# This is a bit confusing; Can someone please re-iterate it for me?



## Zeroknight (Mar 20, 2009)

> For example, consider the turning of one face by 90 degrees:
> C1 E1 C2
> E4 E2
> C4 E3 C3
> ...



It looks like four swaps to me...

Thanks in advance

EDIT: Sorry, but somehow the edges got messed up...


----------



## Lucas Garron (Mar 20, 2009)

It's 3. Try those swaps physically on your cube, in that order.
(And ignore one of the middle ones. I hope you weren't counting both.)


----------



## Johannes91 (Mar 20, 2009)

(swap C1/C4, swap C1/C3, swap C1/C3, swap C1/C2)
-->
(swap C1/C4, swap C1/C3, swap C1/C2)


----------



## Zeroknight (Mar 20, 2009)

Sorry, guys (no I wasn't counting the middle ones).

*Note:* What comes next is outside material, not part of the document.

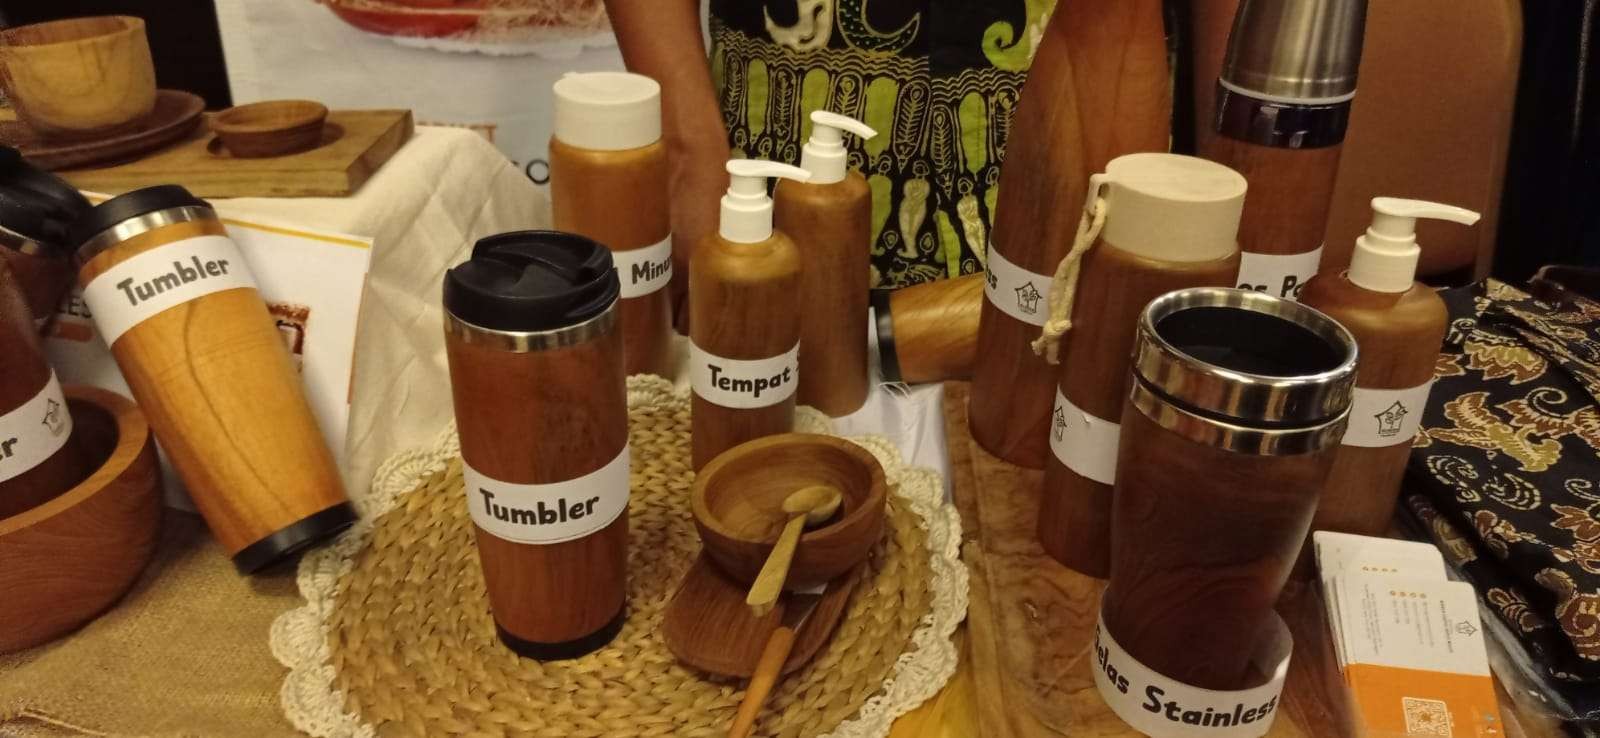 Pelbagai produk tempat minuman dari akar kayu jati. Ada mug, termos, dan lainnya produk asli Kecamatan Margomulyo, Bojonegoro. (Foto: dok. BumDes Margomulyo)
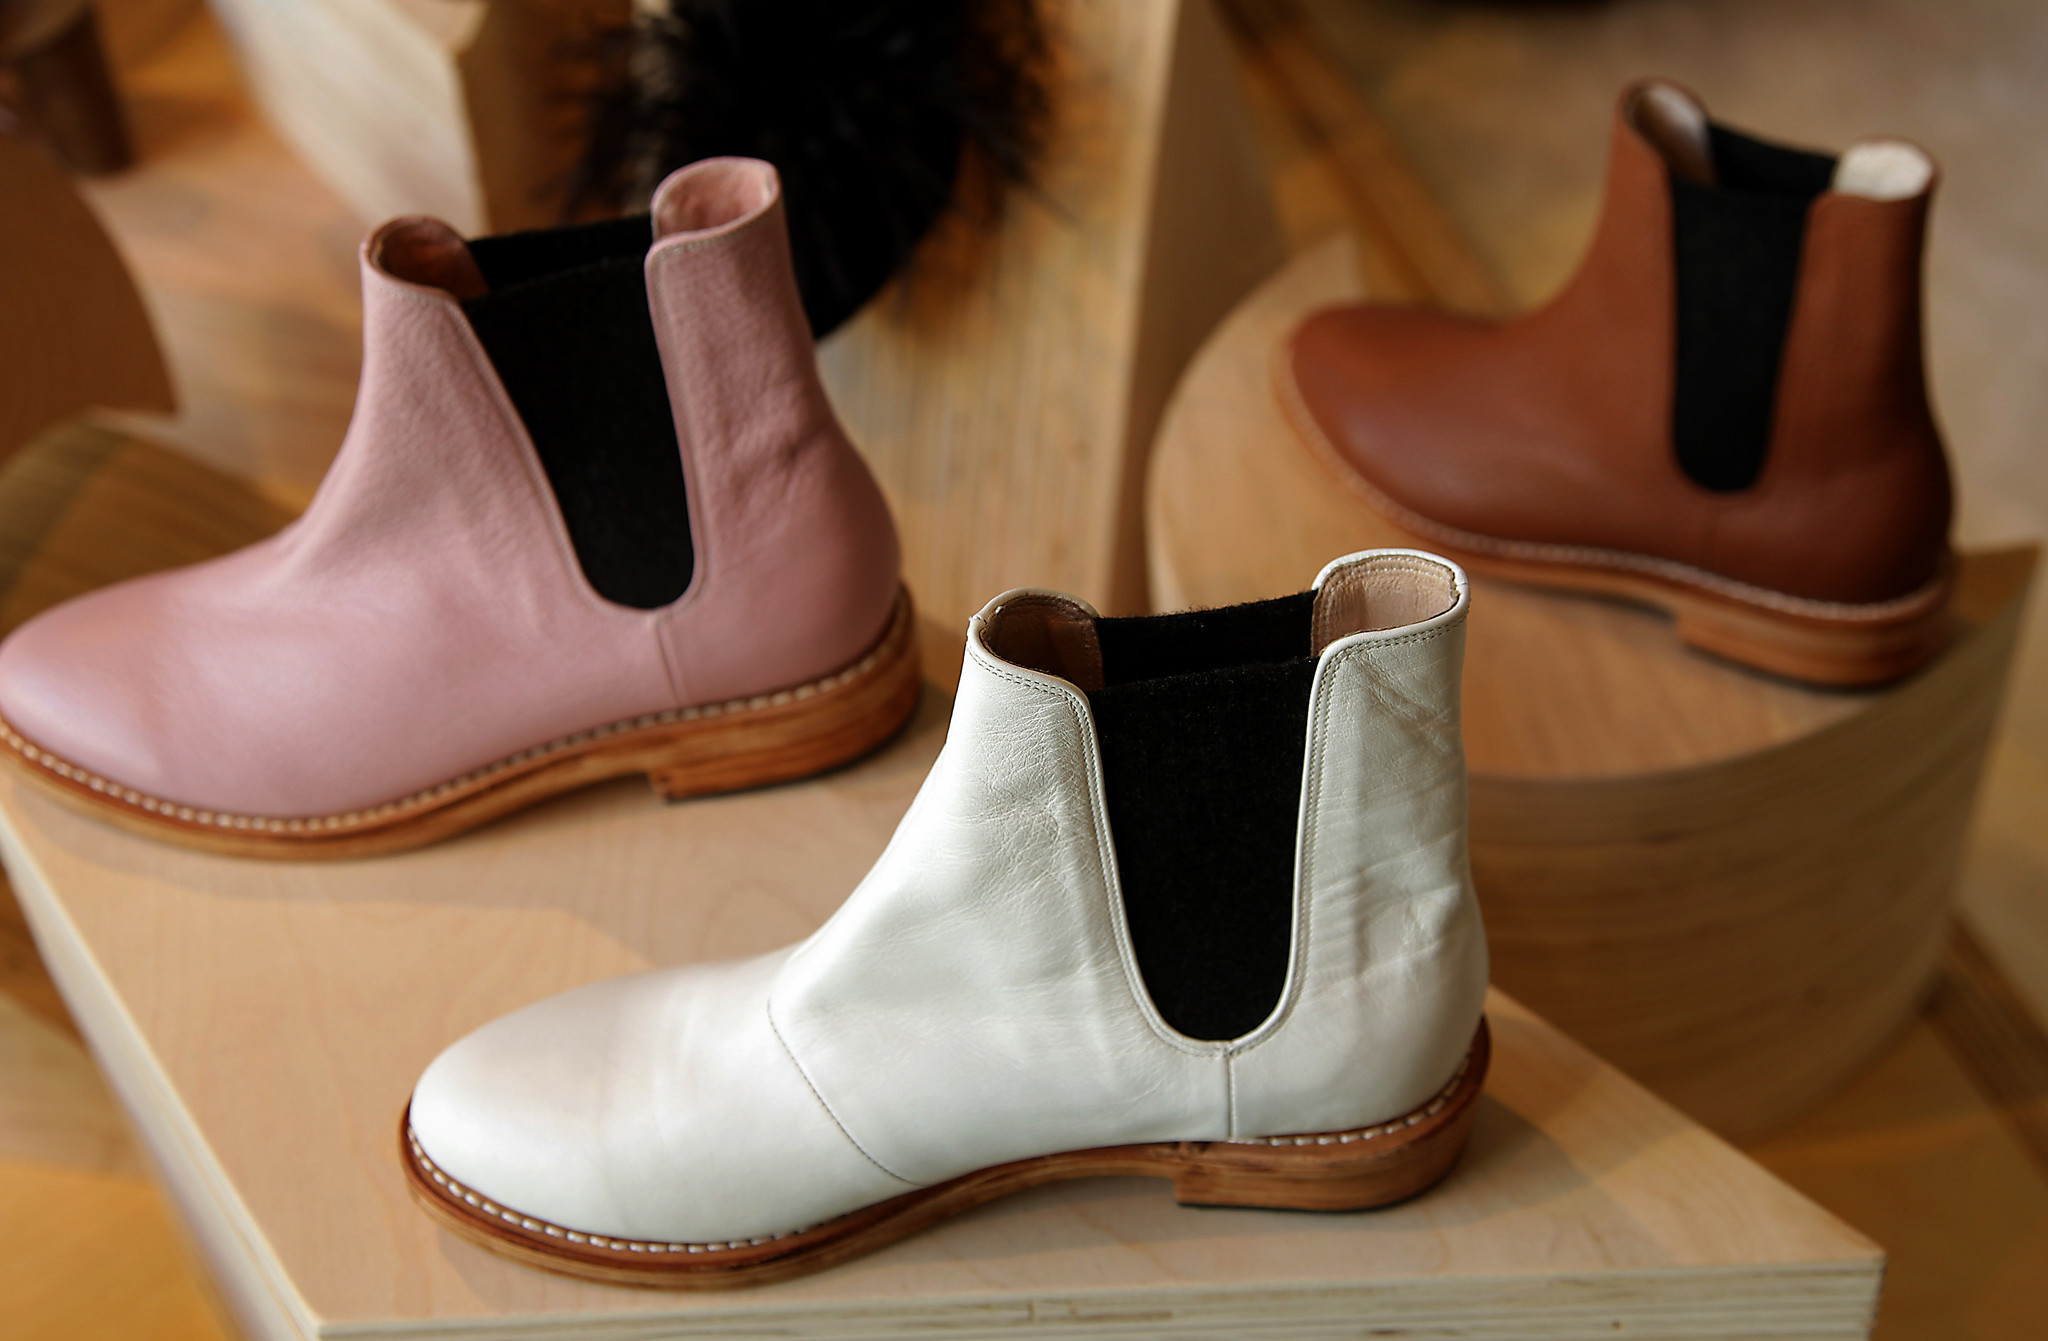 Booties from Ventura-based footwear designer Charlotte Stone.

What I see is C1 goes to C2, C2 goes to C3, C3 goes to C4, and C4 goes to C1. 


tbqh, I don't "see:" (swap C1/C4, swap C1/C3, swap C1/C3, swap C1/C2)
-->
(swap C1/C4, swap C1/C3, swap C1/C2)


----------



## Johannes91 (Mar 20, 2009)

Zeroknight said:


> tbqh, I don't "see:" (swap C1/C4, swap C1/C3, swap C1/C3, swap C1/C2)
> -->
> (swap C1/C4, swap C1/C3, swap C1/C2)


It's obviously a mistake in your quote, swapping the same pieces twice in a row would just cancel out.

Maybe this helps:

C1 C2
C4 C3

First swap: C1 and C4.

C4 C2
C1 C3

Second swap: C1 and C3.

C4 C2
C3 C1

Third swap: C1 and C2.

C4 C1
C3 C2


----------



## Zeroknight (Mar 20, 2009)

Oh okay, Each piece swaps a total of three times with the others, thanks.


----------



## Lucas Garron (Mar 20, 2009)

Zeroknight said:


> Oh okay, Each piece swaps a total of three times with the others, thanks.


Uh, no?

(Note that no matter how you do it, it's always an odd number of swaps, though.)


----------